Flights will start on 28th October and operate three days per week, leaving London on Monday, Wednesday and Saturday.

This is the second new route for Norse in two months, following the announcement of Gatwick to Las Vegas flights last month. Las Vegas will launch on 12th September.

Norse Atlantic launches Gatwick to Las Vegas flights

What is intriguing is that the return flight will be during the day.

The outbound leaves Gatwick at 8pm, landing in Cape Town at 9.30am. The return leaves at 11.45am, landing in London at 9.35pm.

Whilst this is the logical thing to do, British Airways leaves its aircraft on the ground for 9-10 hours in Cape Town. Despite the high cost of doing this (aircraft are expensive toys to have sitting around and not earning) it seems that the high paying business traveller market prefers it.

As Norse has no business class, it is potentially taking a gamble on its passengers preferring a day return flight rather than an overnight one where they will struggle to sleep. This model seems to work ok for Virgin Atlantic who also fly straight back.

There is also no overnight curfew at Gatwick, meaning that the aircraft could still operate if the departure from Cape Town was delayed by a couple of hours.

As with all Norse flights, you get a modern Boeing 787 aircraft and a two class cabin – economy and premium economy.

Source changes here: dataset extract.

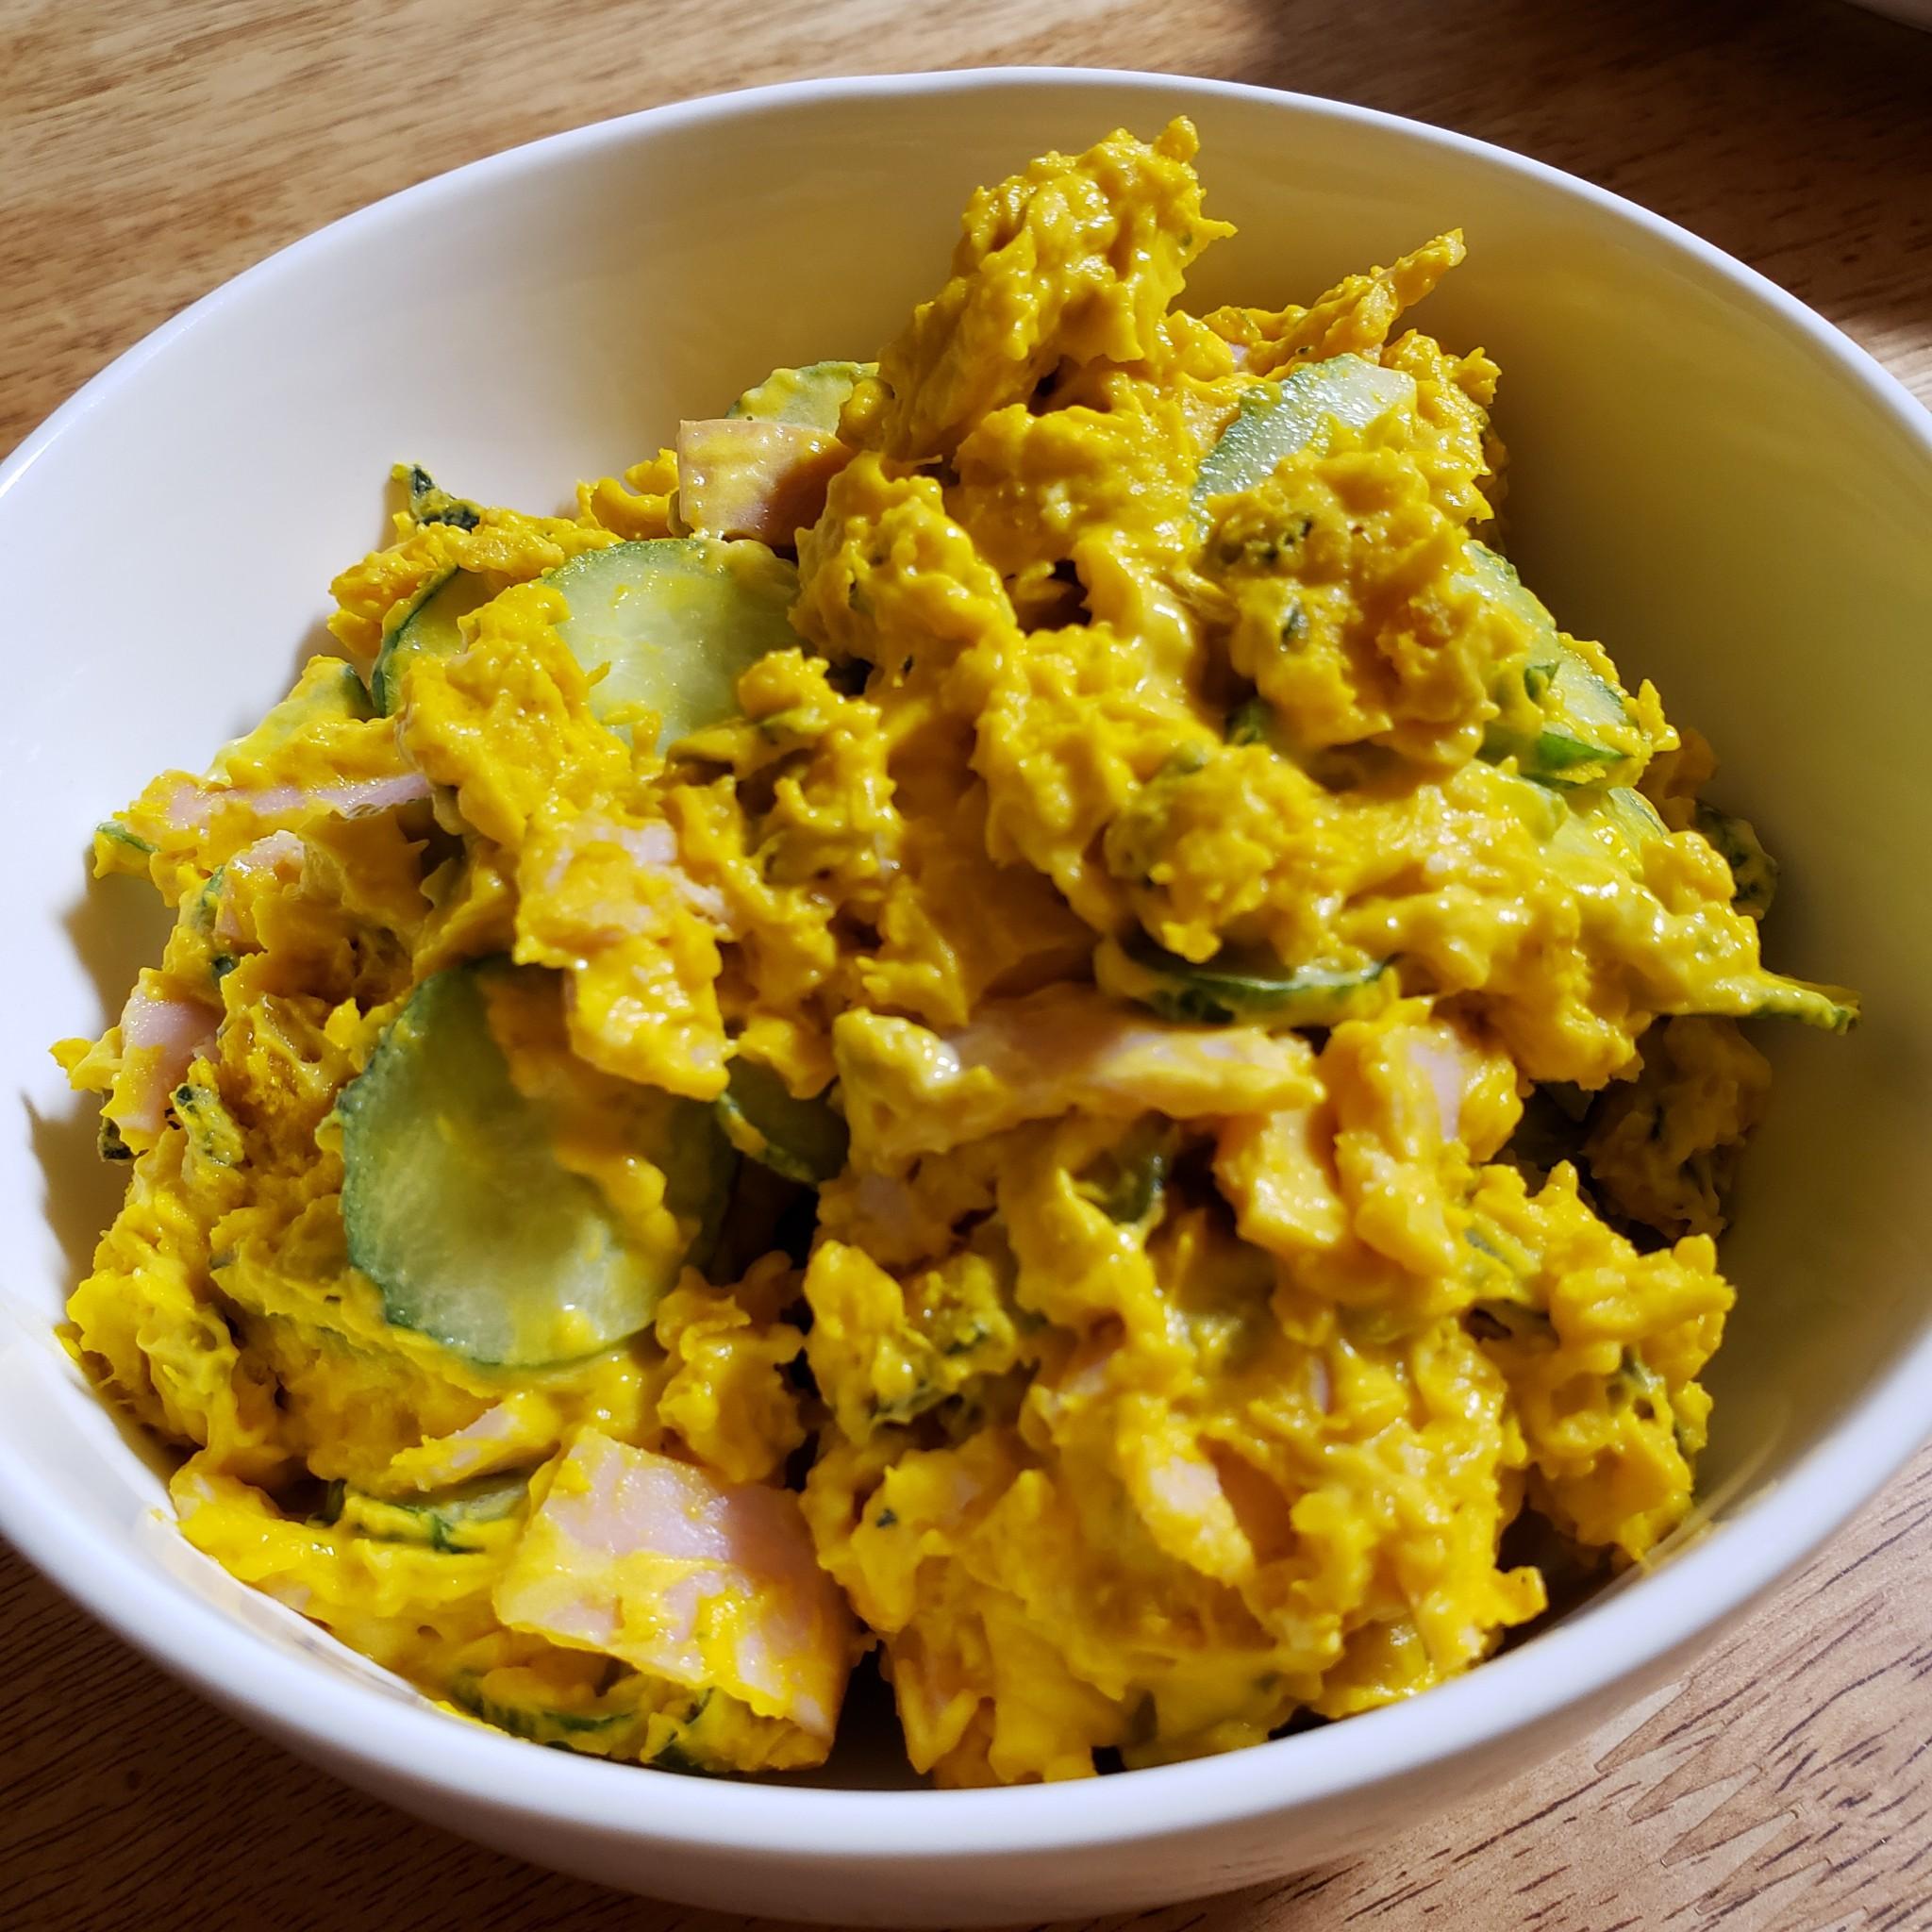 サラダ レンジ かぼちゃ レンジで簡単かぼちゃサラダ レシピ・作り方

The airline inherited Norwegian’s long haul fleet when the latter moved to being a purely short haul airline.

We rate Norse Premium highly. It has, by a huge margin, the most personal space of any competing premium economy seat. You can also see how Norse Atlantic’s premium economy compares to British Airways and Virgin Atlantic here.

Economy is, well, economy. The only problem is that Norse charges for literally everything, including meals, so the headline price (£499 return in this case, and £1,199 for Premium) is a long way from what you will end up spending.

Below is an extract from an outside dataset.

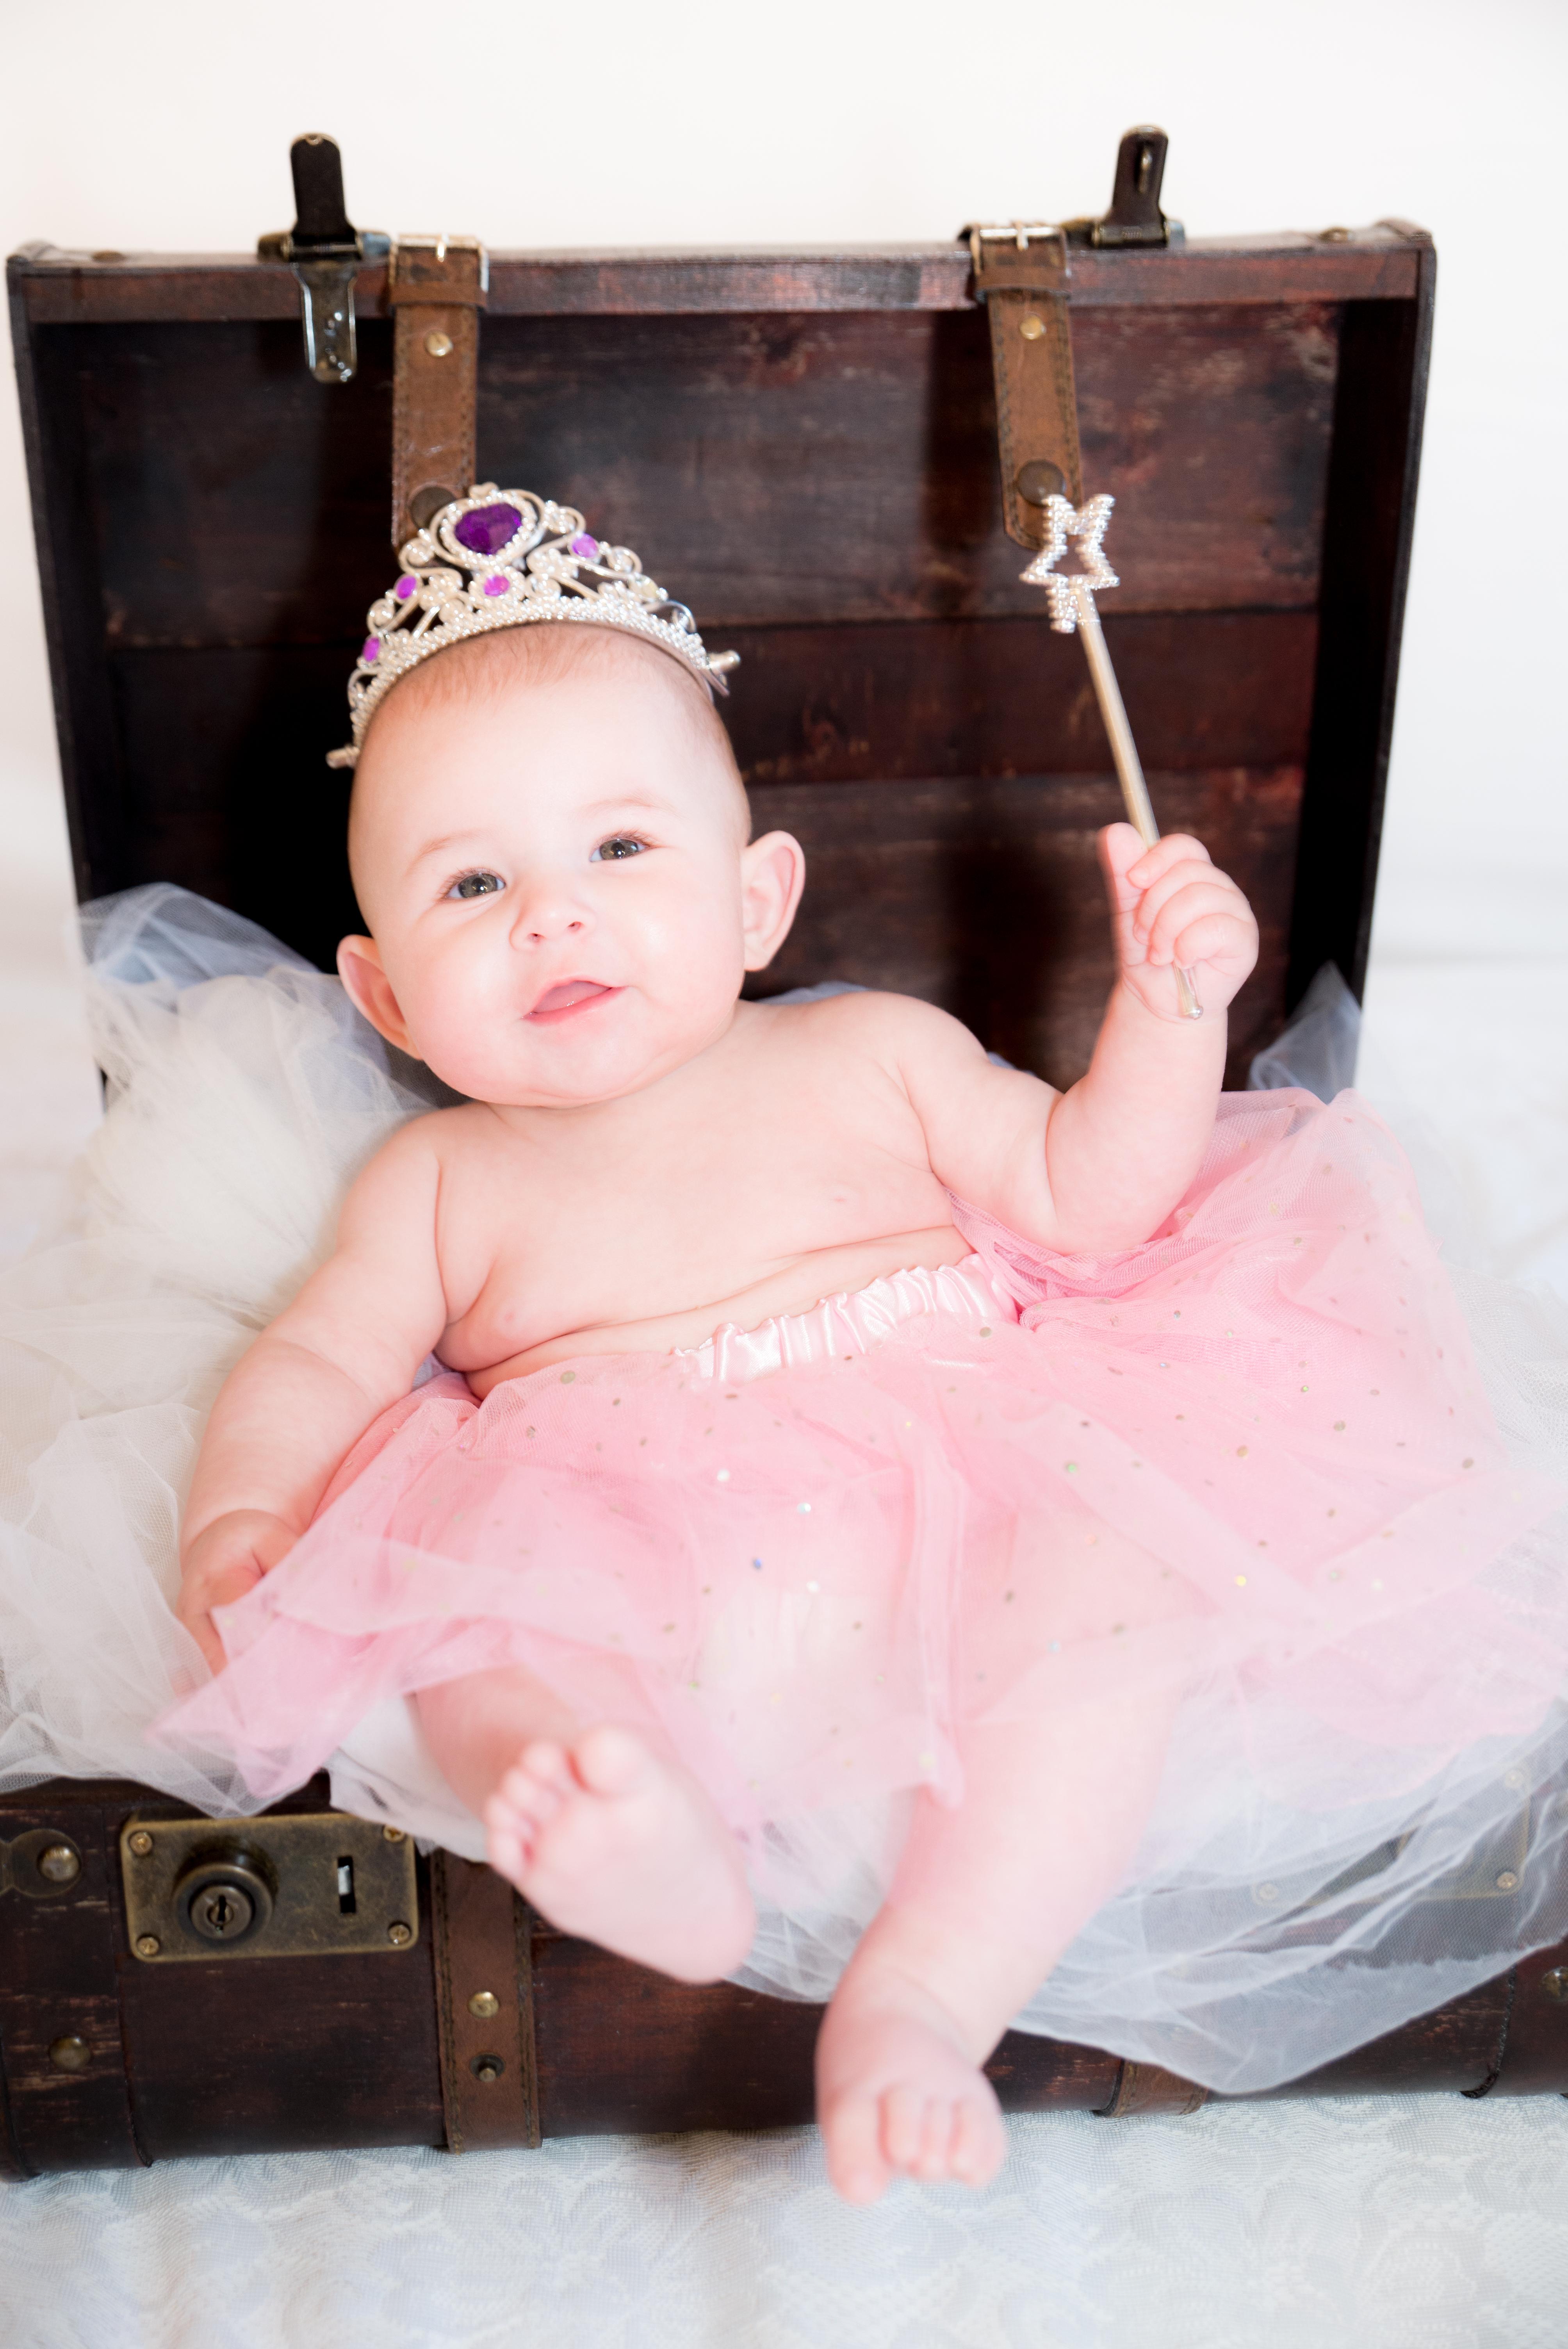 séance photo bébé 6 mois studio

You can read our review of flying Premium on Norse Atlantic from Gatwick to New York here.

PS. In the same week as announcing Cape Town, Norse Atlantic has quietly dropped its two Caribbean routes. Flights from Gatwick to Barbados and Montego Bay have been removed from sale.

Comments (53)

This article is closed to new comments. Feel free to ask your question in the HfP forums.

  • John G says:

    I look forward to the article later in the year announcing Norse’s next new route with the words at the end “Norse has quietly dropped it’s route to Cape Town”. Book with extreme caution I’d say, like every new route they launch!

    • Steve says:

      100% this.

    • vlcnc says:

      Lol absolutely! Don’t count on this sticking.

    • SBIre says:

      Ha – yep!

    • Londonsteve says:

      I disagree, I think it’ll be very successful. There’s a large untapped demand for more budget orientated travellers seeking to holiday in SA but put off by high flight prices from Europe. In fact, I think they’ll even manage to get passengers self transferring at Gatwick from the EU. I heard about the route before the article on HfP from an American living in Budapest who plans to fly Norse on the route, I think that tells you something.

      Finally, Norse are targeting routes that appeal to the right market considering their market positioning and the frequencies they can offer. Nobody that’s financially constrained wants to fly to Barbados in winter high season.

      • Rob says:

        Unless you are planning to travel with no baggage, don’t plan to eat for 12 hours and are happy with a random middle seat, your costs are going up sharply.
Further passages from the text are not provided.